We note that the apparent best reply to g1f3 is e7e5, which yields an advantage to White of 24 Elo points; the best reply to e2e3 is d7d6, which is worth 54 Elo points to White; and the best reply to g1h3 is e7e6, which yields 16 Elo points. While our analysis of White's openings indicated that g1h3 is the best opening, this appears to be due to suboptimal replies from Black. To maximize the minimum reply from Black, White should apparently play e2e3.

I would take this analysis with a grain of salt. The response d7d6 to White's g1f3 looks very weak, with White taking Black's Queen and leaving Black's King very exposed. This suggests something very fishy with potential for big differences in optimal and average play in the responses.

Of course, there is also a horizon problem here. Just as the coefficient fits average over suboptimal play in Black's reply, our two level analysis ignores White's second move. In a future blog post I hope to perform a proper minimax analysis of openings, truncating the analysis when the data no longer supports different coefficient fits among the various possible moves, then minimaxing the values up.
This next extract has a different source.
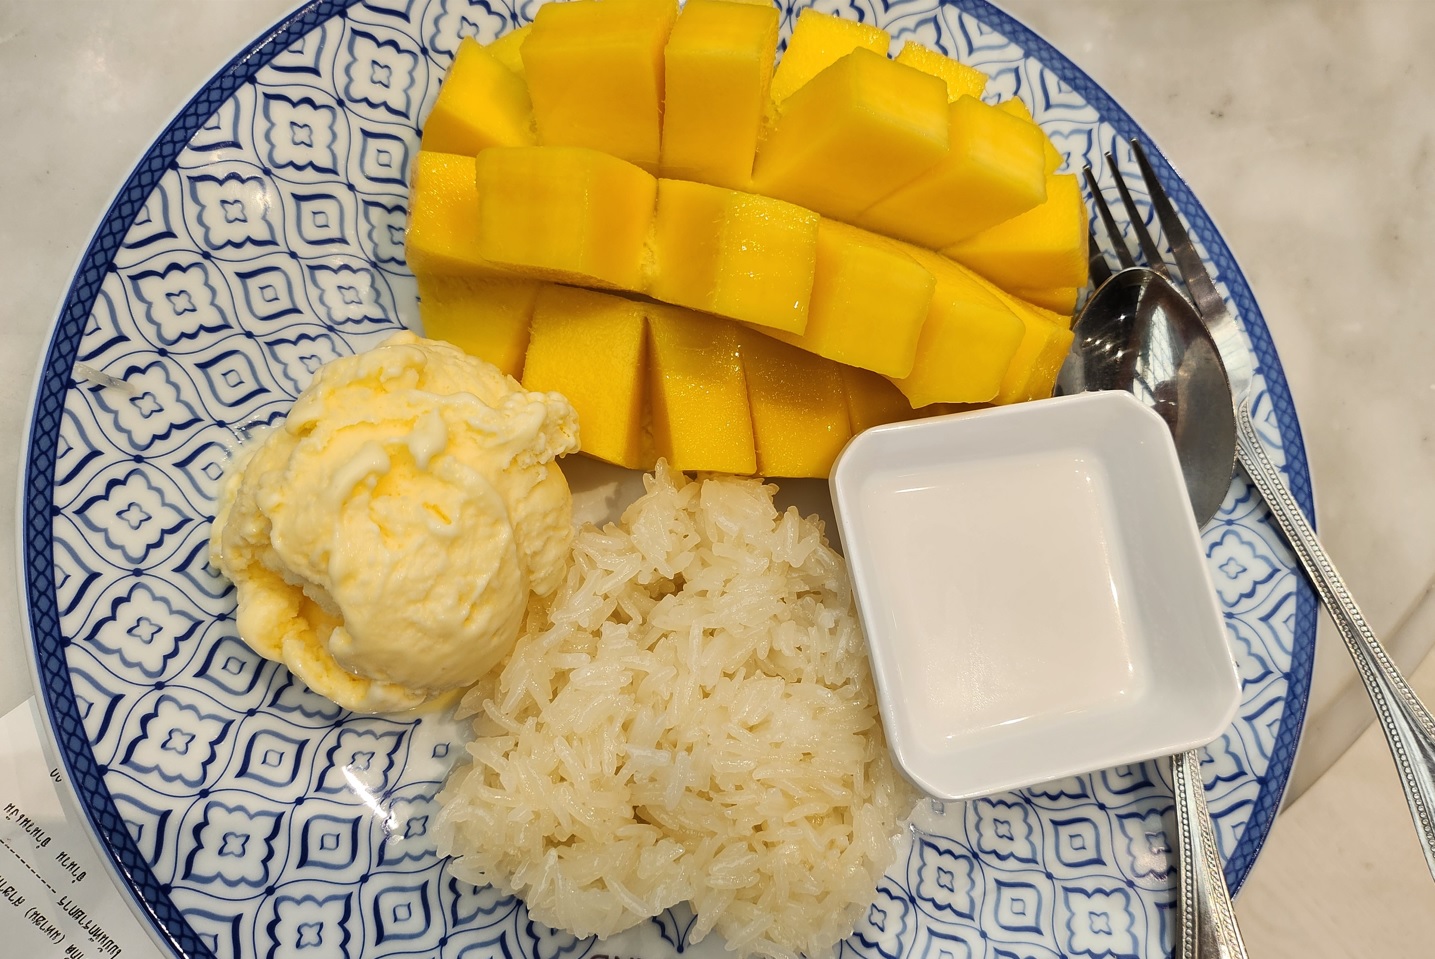 Mango sticky rice with ice cream

I also plan on performing a material value analysis, which is quite simple from the data available here. My early exploration suggests that the usual 1:3:3:5:9 point value system of Pawn, Knight, Bishop, Rook, Queen in traditional chess is not well calibrated to Atomic chess. Finally, I hope to catalog the many fool's mates and their frequency.